_Data provided_
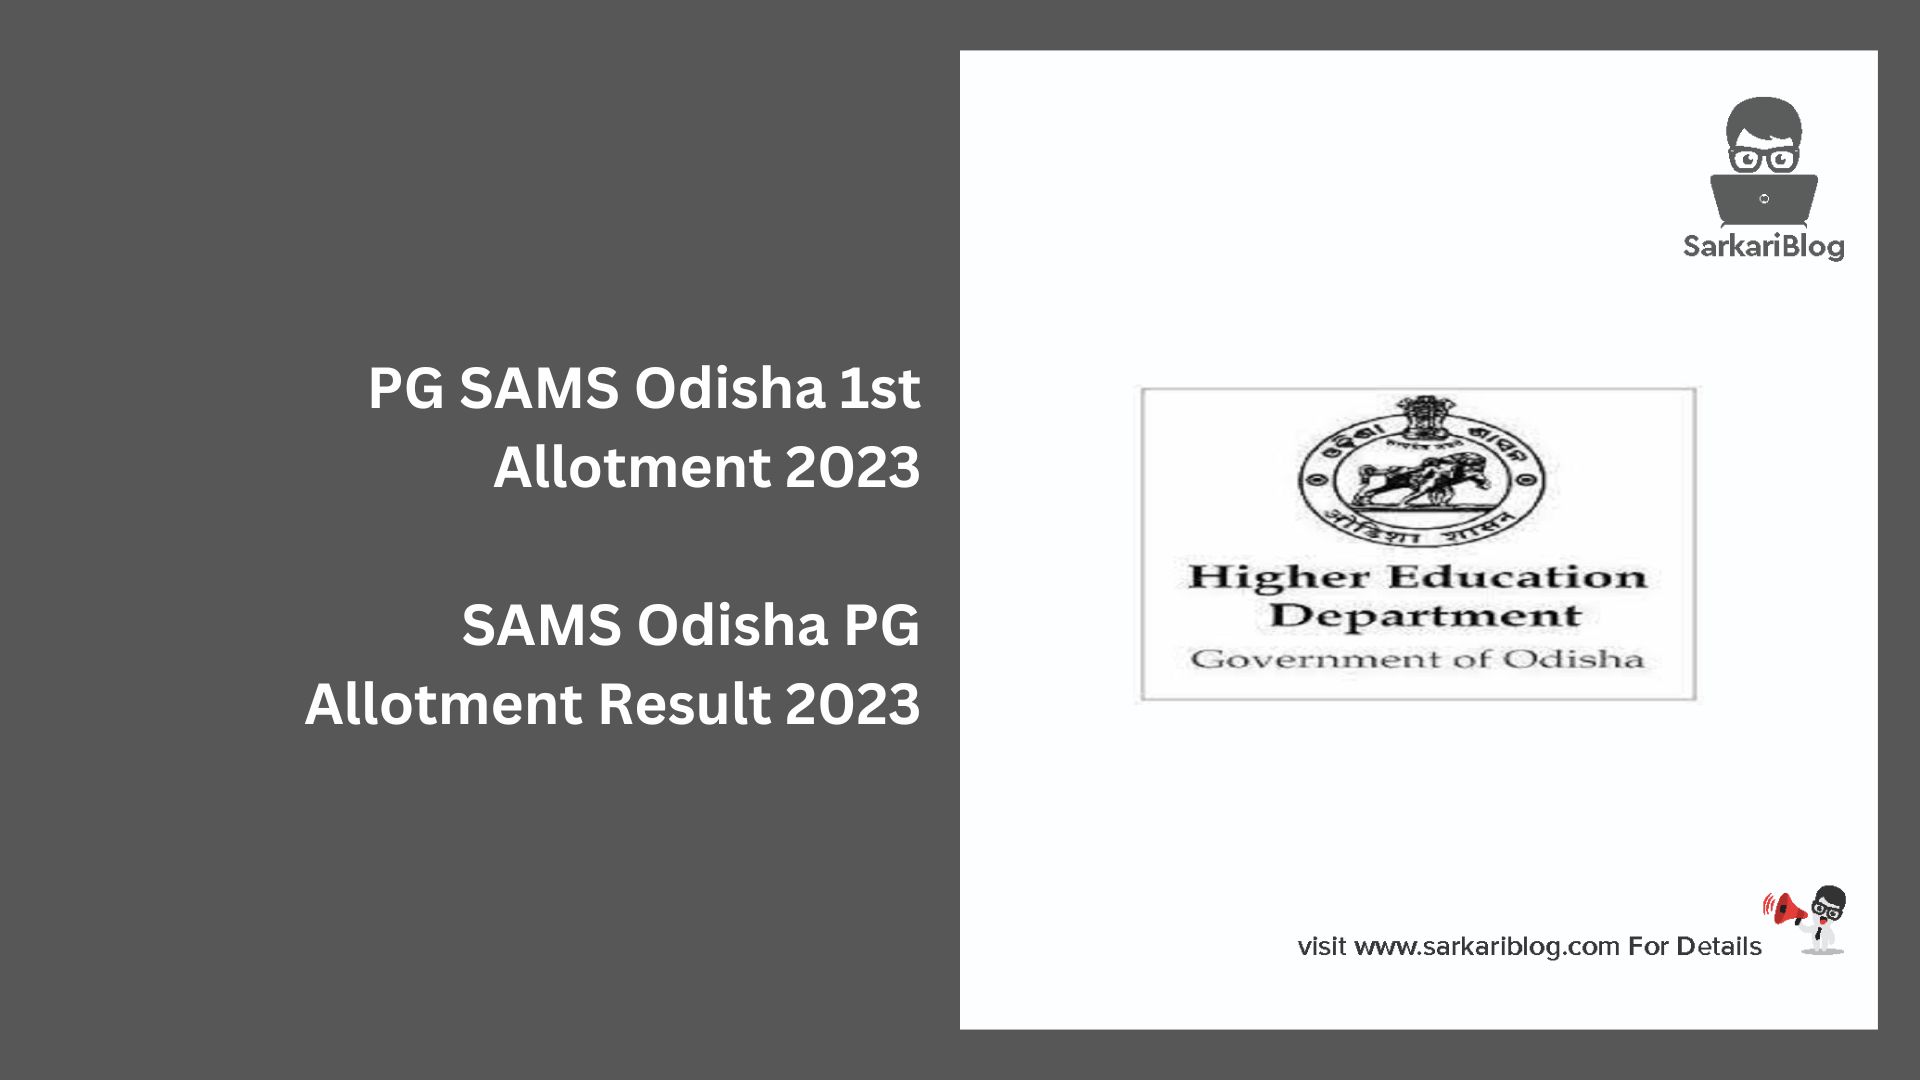 PG SAMS Odisha 1st Allotment 2023
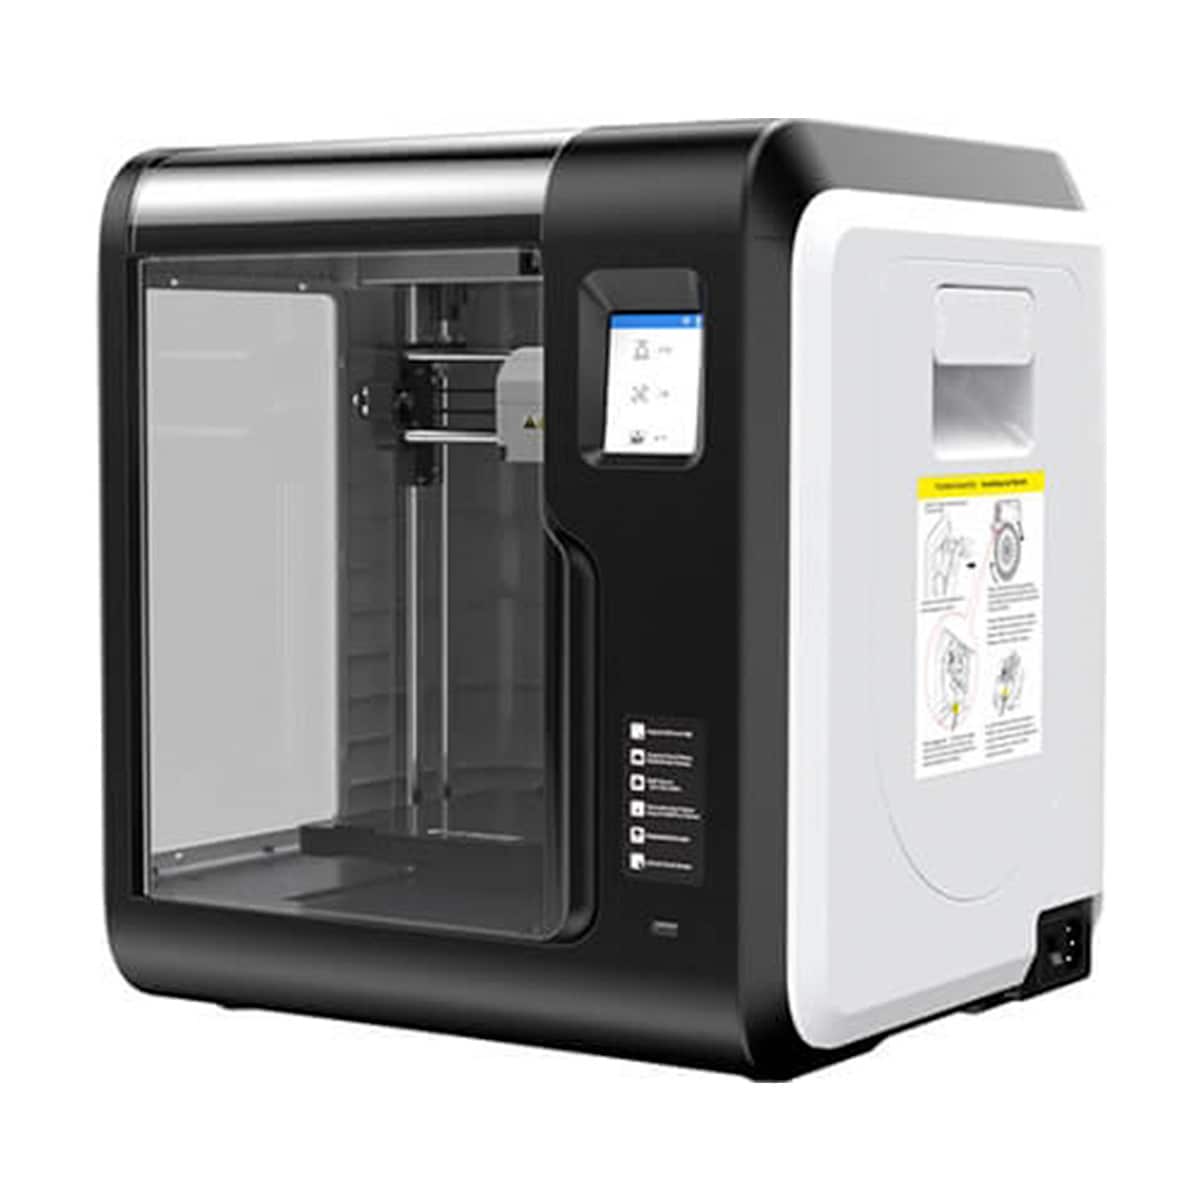 3D printer | Filament og annet tilbehør - Godt og oversiktlig utvalg |  Elkjøp
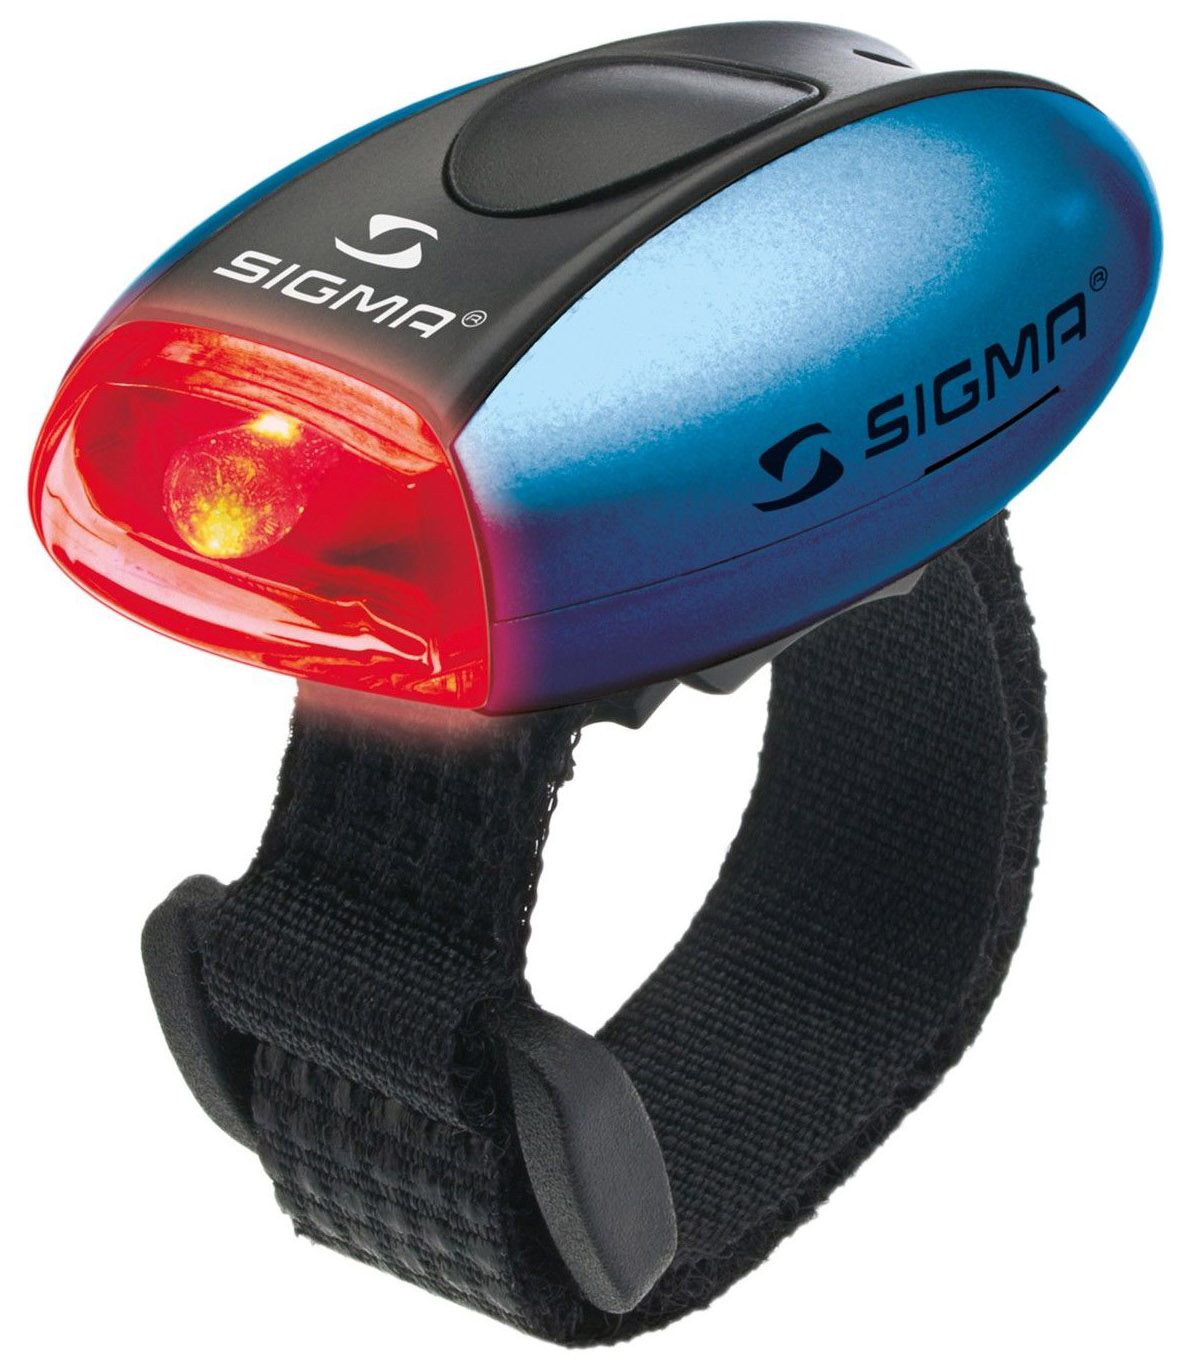  Задний фонарь для велосипеда SIGMA Micro R

_Prompt_
Copy out every line above, word for word, minus images.

_Response box_
 PG SAMS Odisha 1st Allotment 2023
 3D printer | Filament og annet tilbehør - Godt og oversiktlig utvalg |  Elkjøp
  Задний фонарь для велосипеда SIGMA Micro R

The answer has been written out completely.